Mahsa (Jina) Amini aveva 22 anni quando è morta il 16 settembre a Teheran, dopo essere stata arrestata dalla polizia perché non indossava il velo in modo coerente alla loro “morale”. L’accaduto ha acceso la rivolta in tutto il Paese, con una conseguenziale decisa e dura repressione da parte del regime iraniano.

Di sponda, all’estero sono sorte numerose manifestazioni di solidarietà con il popolo “finalmente” in sommossa. Siamo ora a quasi un mese di continue manifestazioni a livello nazionale e in tutto il mondo contro la legittimità politica della Repubblica Islamica in Iran, accusata, ovviamente, di arcaica visione del mondo reale, oltre che di controllo cruento della vita della sua gente.

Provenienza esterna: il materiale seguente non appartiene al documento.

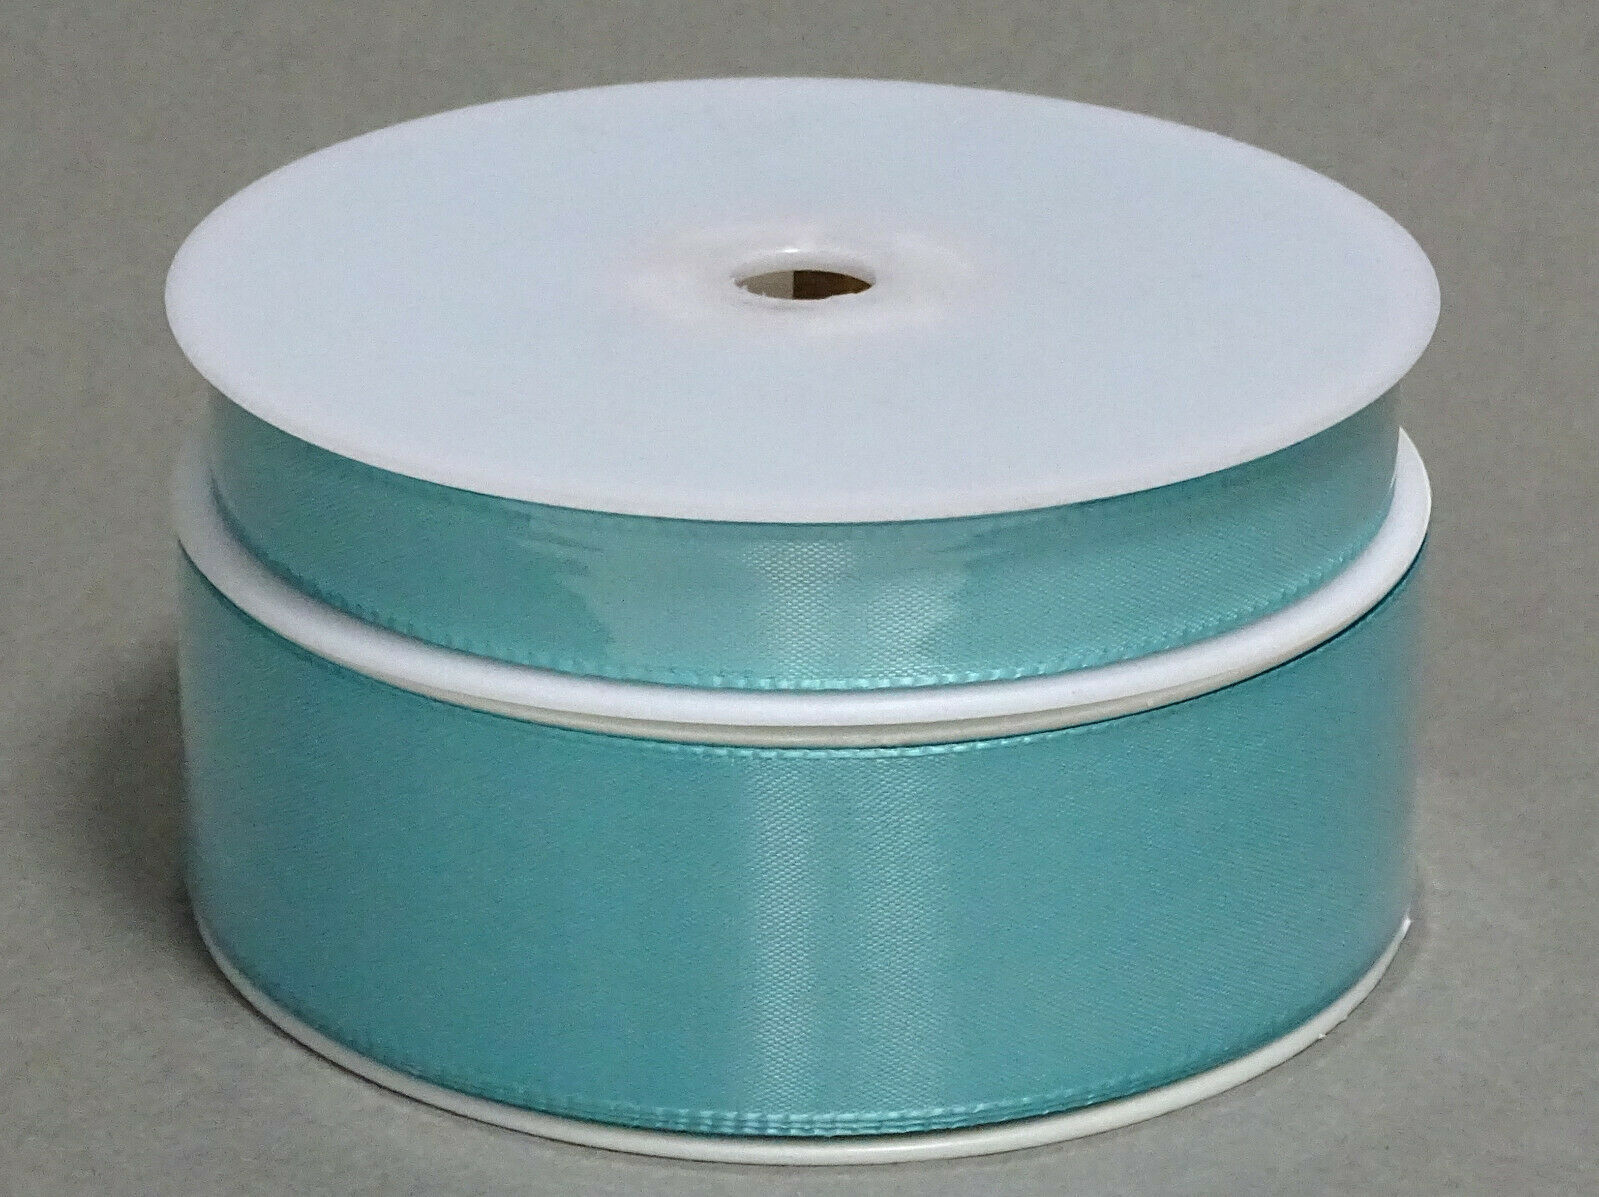 Seidenband Schleifenband 50 m x 15 / 25 / 40mm Dekoband ab 0,08€/m Geschenkband  - Aqua-Mint 146, 15 mm x 50 m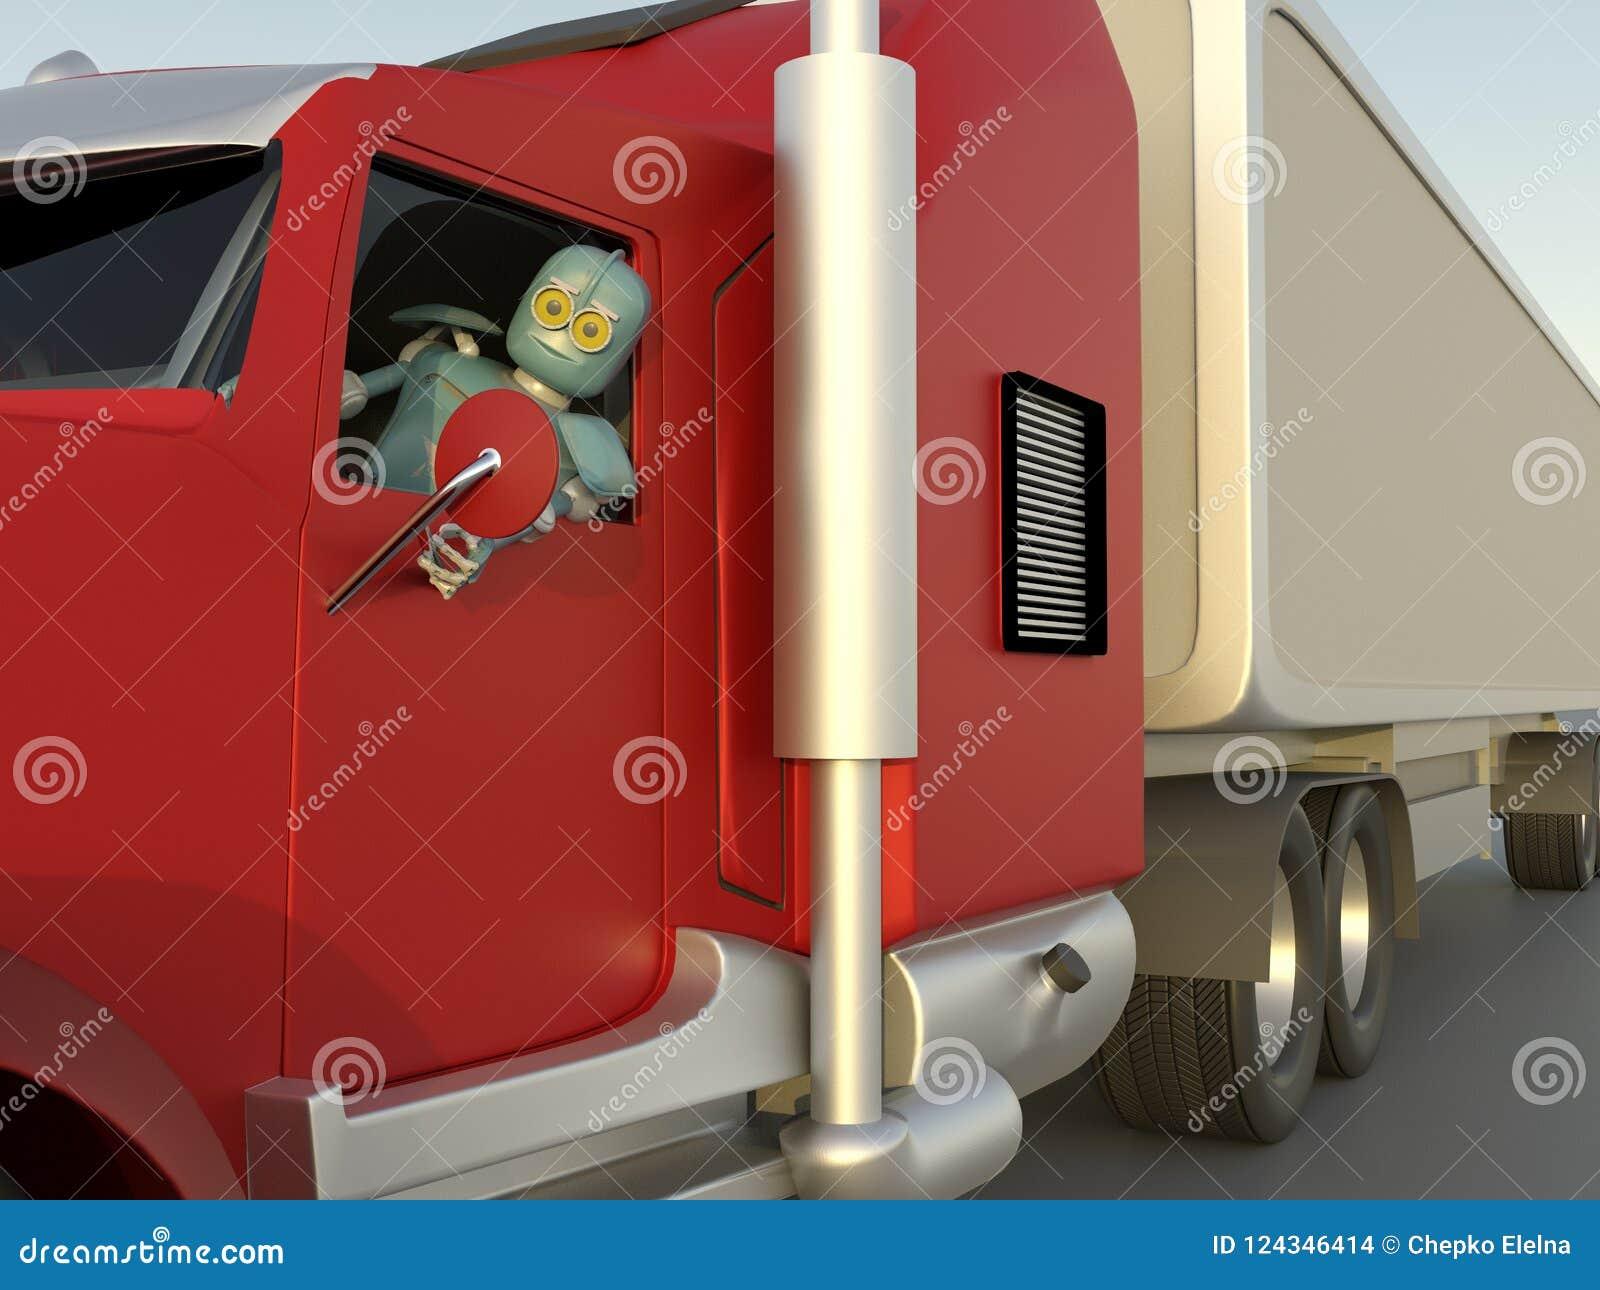 Robot in car 3d render

Per esattezza dovremmo affermare che le contestazioni stanno velocemente mutando in rivolte radicali contro l’esistenza stessa del governo con i dimostranti che urlano con veemenza e determinazione che quella che stanno facendo non è più una protesa, è l’inizio di una vera e propria rivoluzione.

È ancora troppo presto per dire a cosa porteranno o se avranno successo, ma sono già le più lunghe in termini di durata e le più grandi in termini di partecipazione popolare che abbiamo mai visto nel Paese.

Andando indietro nel tempo, possiamo definire la storia della donna un argomento poco affrontato: nell’immaginario collettivo predomina principalmente la figura di “angelo del focolare”; nel secolo scorso, ad esempio, non si è studiato approfonditamente né il suo ruolo all’interno della società, né i testi pubblicati dalle scrittrici che evidenziano il pensiero e la situazione femminile. Come una rimozione dovuta.

La società patriarcale non ammette accelerazioni che possano comportare una revisione del proprio pensiero maschio-centrico e delega alla donna la missione “casalinga”, rassicurante e morbosamente pantofolaia.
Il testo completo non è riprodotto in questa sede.